Restartable jobs

Overview

The ideal restartable job is a single job script that can be resubmitted over and over again to the job queue system. Each time the job starts, it picks up where it left off the last time and continues running until it is done. You can put all the logic necessary to do this in the hoomd python script itself, keeping the submission script simple:

# job.sh
mpirun hoomd run.py

With a properly configured python script, qsub job.sh is all that is necessary to submit the first run, continue a previous job that exited cleanly, and continue one that was prematurely killed.

Elements of a restartable script

A restartable needs to:

  • Choose between an initial condition and the restart file when initializing.
  • Write a restart file periodically.
  • Set a phase for all analysis, dump, and update commands.
  • Use hoomd.run_upto() to skip over time steps that were run in previous job submissions.
  • Use only commands that are restart capable.
  • Optionally ensure that jobs cleanly exit before the job walltime limit.

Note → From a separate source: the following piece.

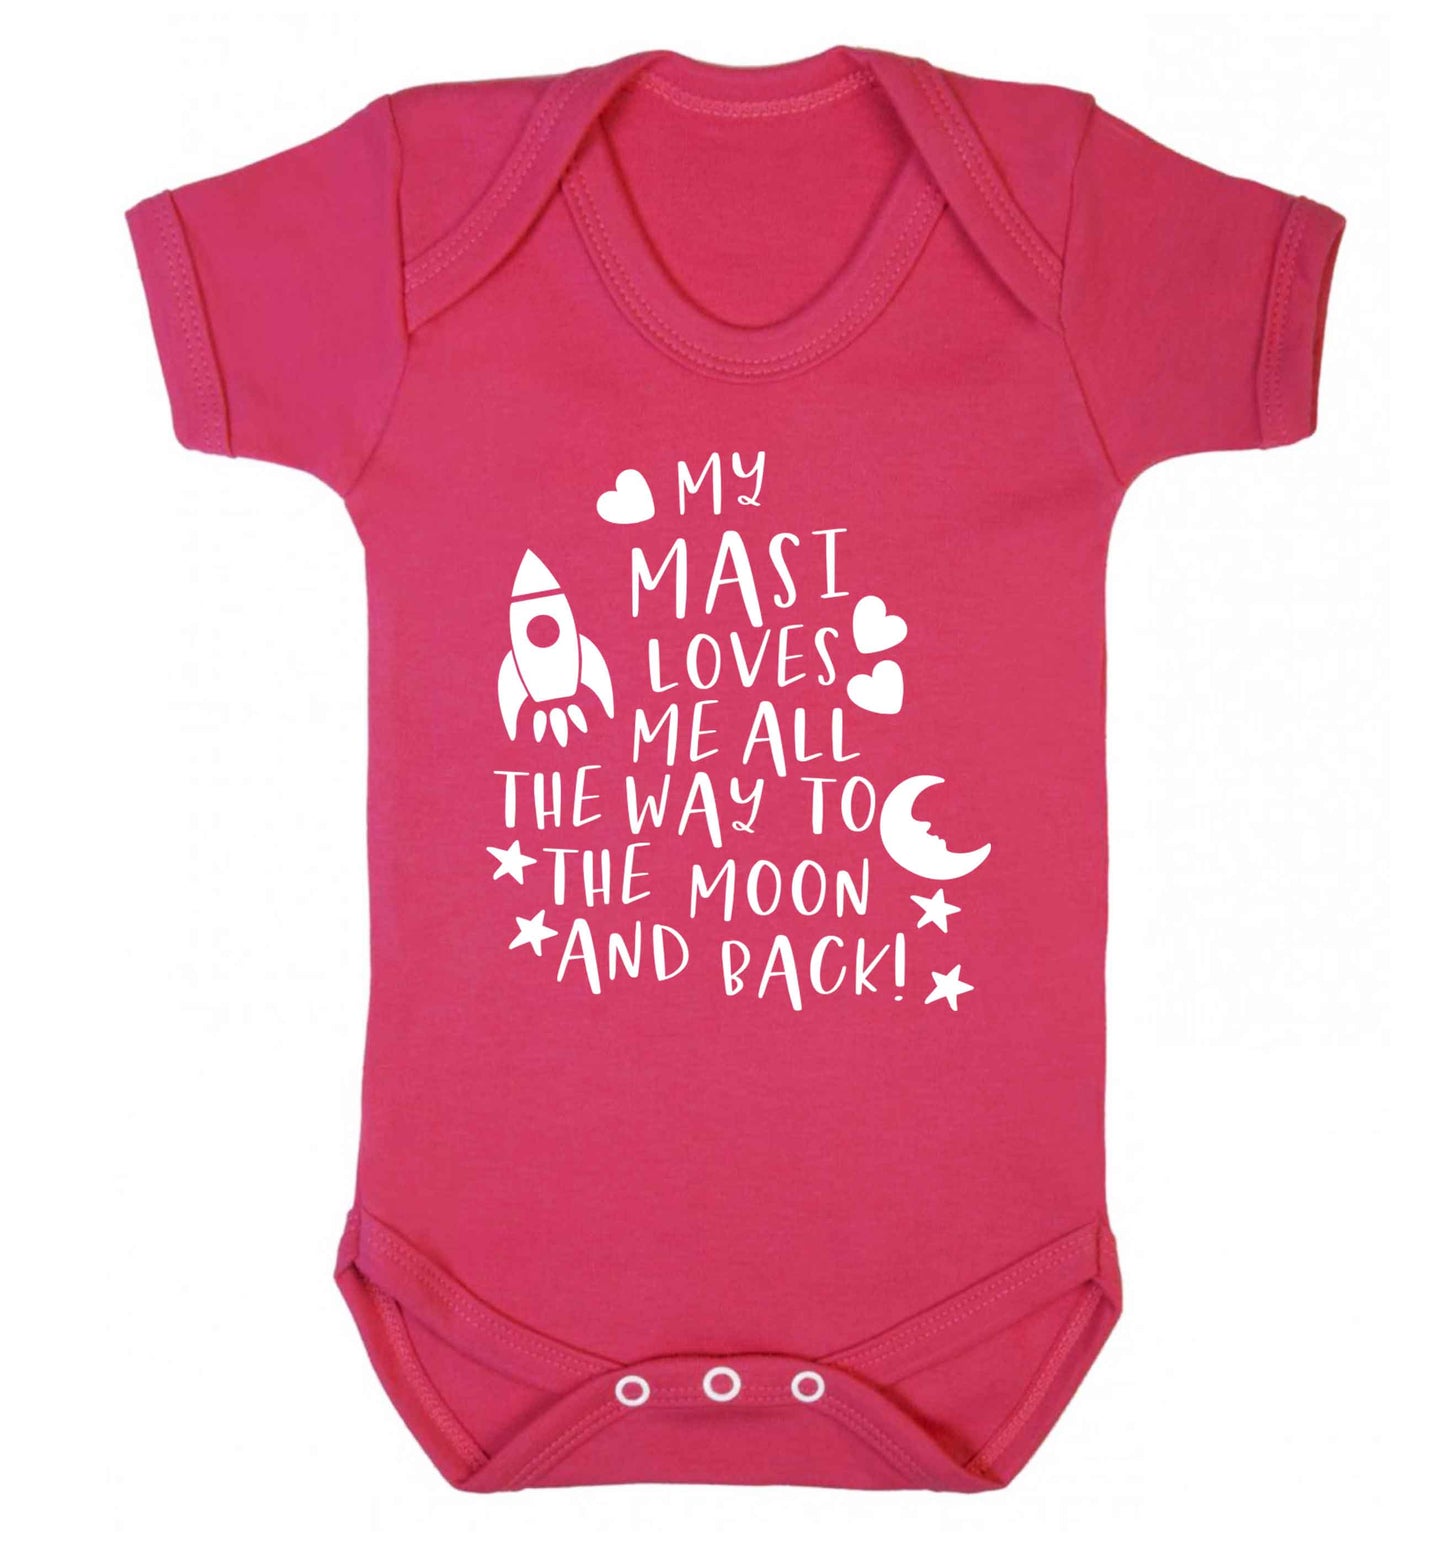 My masi loves me all the way to the moon and back Baby Vest dark pink 18-24 months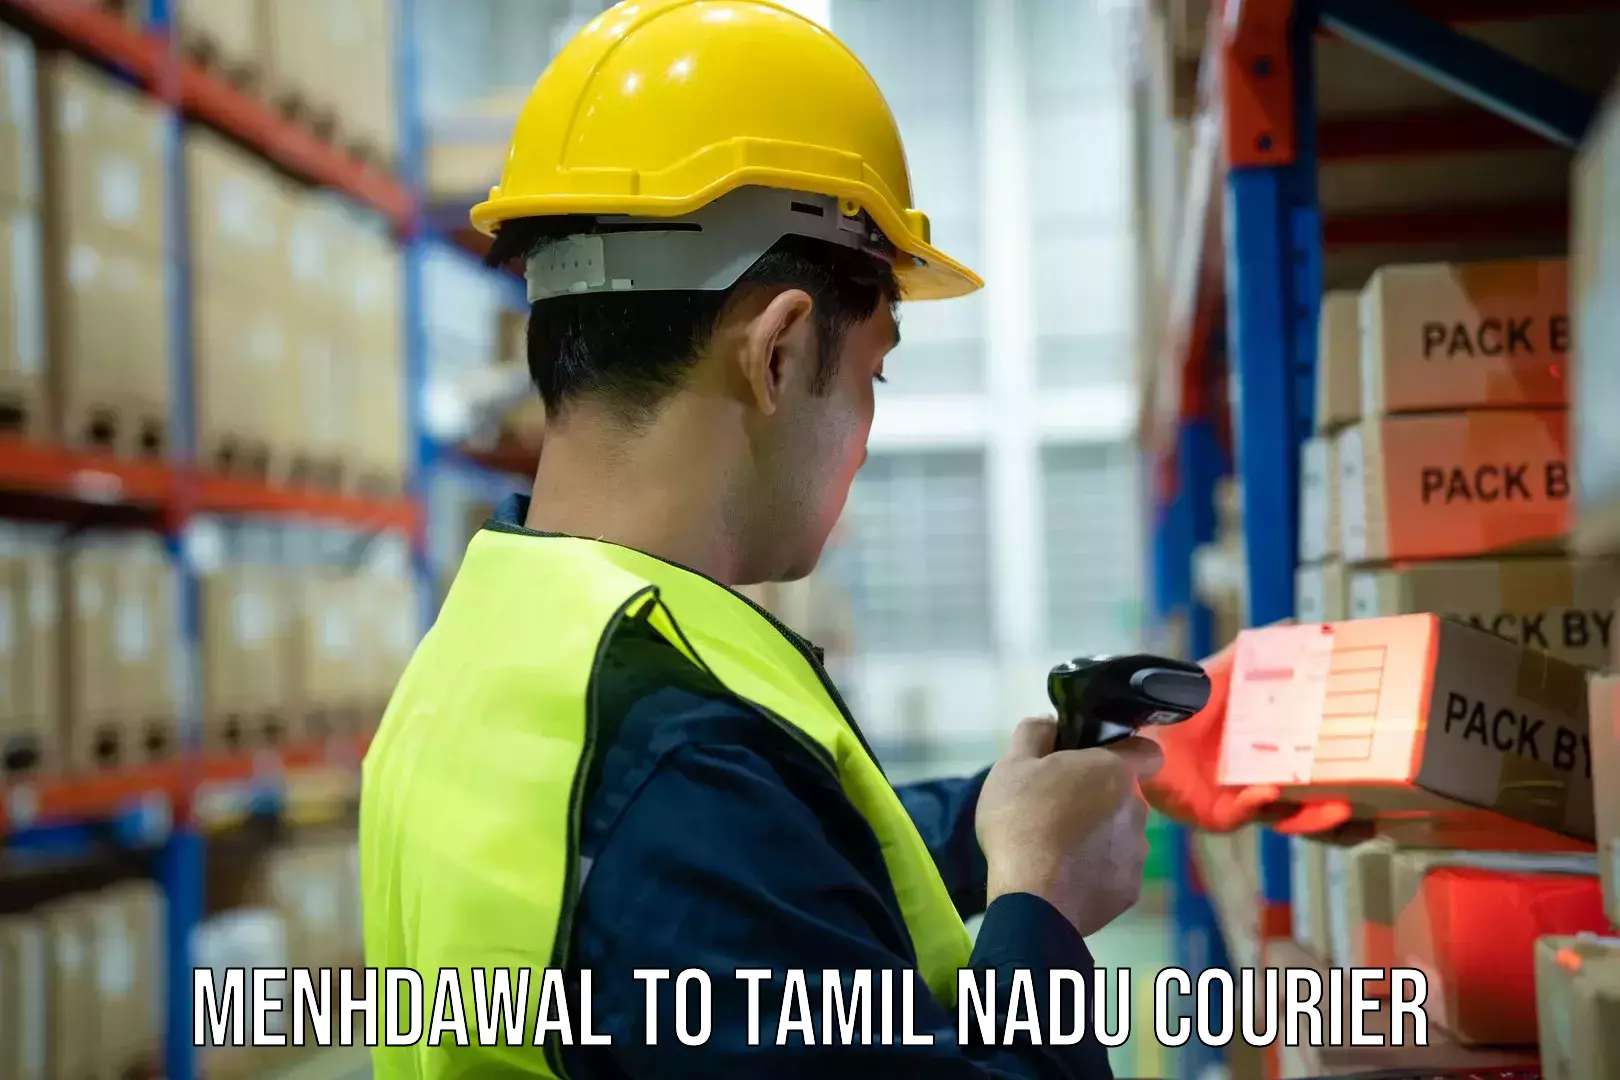 Express delivery network Menhdawal to Tamil Nadu

Choose the appropriate initialization file

Let’s assume that the initial condition for the simulation is in init.gsd, and restart.gsd is saved periodically as the job runs. A single hoomd.init.read_gsd() command will load the restart file if it exists, otherwise it will load the initial file. It is easiest to think about dump files, temperature ramps, etc… if init.gsd is at time step 0:

init.read_gsd(filename='init.gsd', restart='restart.gsd')

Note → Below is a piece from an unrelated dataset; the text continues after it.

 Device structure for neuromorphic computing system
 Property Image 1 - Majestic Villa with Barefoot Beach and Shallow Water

If you generate your initial configuration in python, you will need to add some logic to read restart.gsd if it exists or generate if not. This logic is left as an exercise to the reader.

Write restart files

You cannot predict when a hardware failure will cause your job to fail, so you need to save restart files at regular intervals as your run progresses. You will also need periodic restart files at a fast rate if you don’t manage wall time to ensure clean job exits.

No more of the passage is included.